After a few days we move on to Anse-à-la-Mouche in southwest Mahé where, for $90 a night, we glamp in a cozy air-conditioned cabana at Peace in Paradise. The jungle surrounds us and mangoes, guavas, papayas, pineapples, bananas, avocados, oranges, coconut trees and numerous spices and flowers bloom in abundance.
The owner, Erade Pool, is a Seychelles citizen in her 50s who designed her quaint property as a counterpart to the dominant large resorts. She planted the tropical garden herself, with respect for the living environment. “The Seychelles is a beautiful country, but unfortunately, many forests, indigenous plants and corals have been destroyed," she explains. "On my property, I wouldn’t cut a tree, if I knew there was a bird who lives in it. I would put my cabana somewhere else.”
By day five, we have grown accustomed to life in paradise. We board a ferry that takes us to Praslin, 44 km northeast of Mahé. The tiny island is known as the home of the famous coco de mer palm trees, whose buttock-shaped nuts spurred more than a few racy legends.

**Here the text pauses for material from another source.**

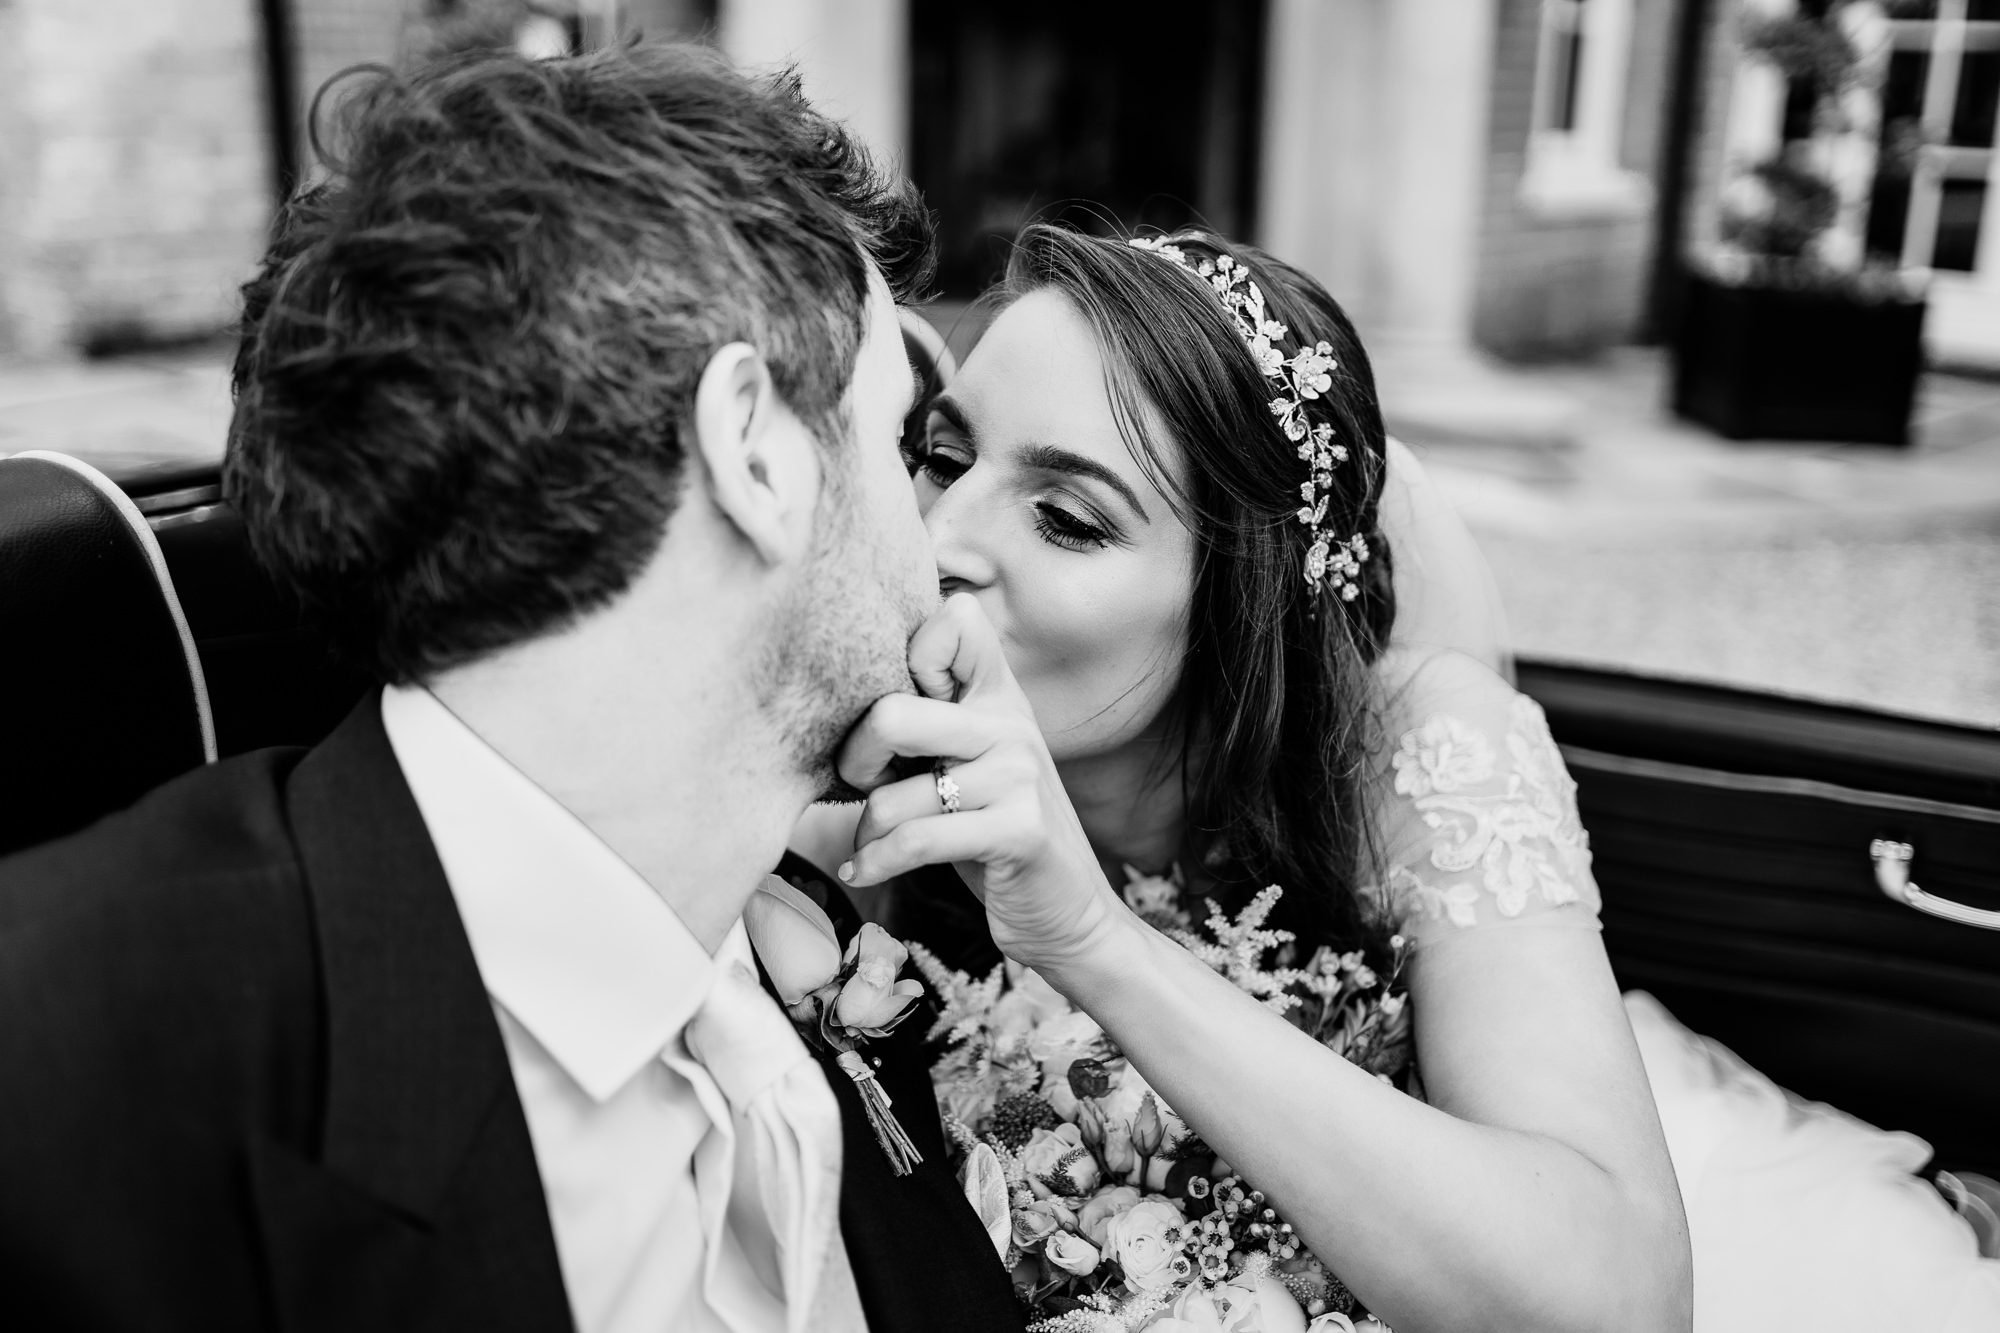 Black and white reportage wedding photography.

We are lured by guidebook claims that Praslin, with its coquettish artsy villages and deep blue lagoons, delivers the most quintessential sea views associated with the Seychelles. With no time to waste, we drop our bags at the guesthouse and find the bus that goes to Anse Lazio, routinely ranked one of the 10 most beautiful beaches in the world. Swimming in its scintillating, crystal-clear waters is an ecstatic and unforgettable experience.
The next day, we opt for a snorkelling outing around tiny Saint-Pierre Island, where we spot a few colourful striped surgeonfish and large trevallies. Although we marvel at the warm and transparent waters, it’s sad to witness this white coral cemetery, destroyed during the heatwave-sparked 2016 coral-bleaching event, which also killed huge swaths of the Great Barrier Reef. But here and there, we do spot signs of recovery.
Back on Praslin, we walk in the Vallée de Mai, a nature reserve and UNESCO World Heritage Site and spot a black parrot, observe giant turtles mating and photograph a billboard urging against coco de mer poaching. We stock up on curry spices and bottles of Takamaka Rum, hang out on the beautiful Côte d’Or beach and spend our last rupees on a dinner of octopus curry in Grand Anse, a town on the southern coast of Praslin
We say goodbye to the islands, basking in the memory of our time in pure paradise.
You’ll have to take at least two planes to travel the roughly 13,000 kilometers that separate the Seychelles from Toronto. We took Ethiopian Airlines and flew via Addis Ababa. The last time we checked, this company was offering the best value for the 18-hour flight.
Vaccination and health concerns
The archipelago has been protected from tropical diseases such as malaria, typhoid fever, cholera or yellow fever. Avoid drinking water from the tap and don’t forget the mosquito repellent. With all year round temperatures between 25 C and 30 C, make sure to stay well hydrated.
Do not forget
Snorkelling gear, sunscreen, binoculars for bird watching and a good pair of (ideally waterproof) sandals.
We spent an average of $100 a day each on this backpacking tour of the Seychelles. We managed to do so by taking public buses instead of renting a car, packing a lunch and preparing dinners of fresh fish at our guesthouses. Some bus drivers don’t allow commuters with luggage, so you might want to plan a taxi from and to the airport.
Do you speak Seychelles?
Créole, French and English are the three official languages of the islands.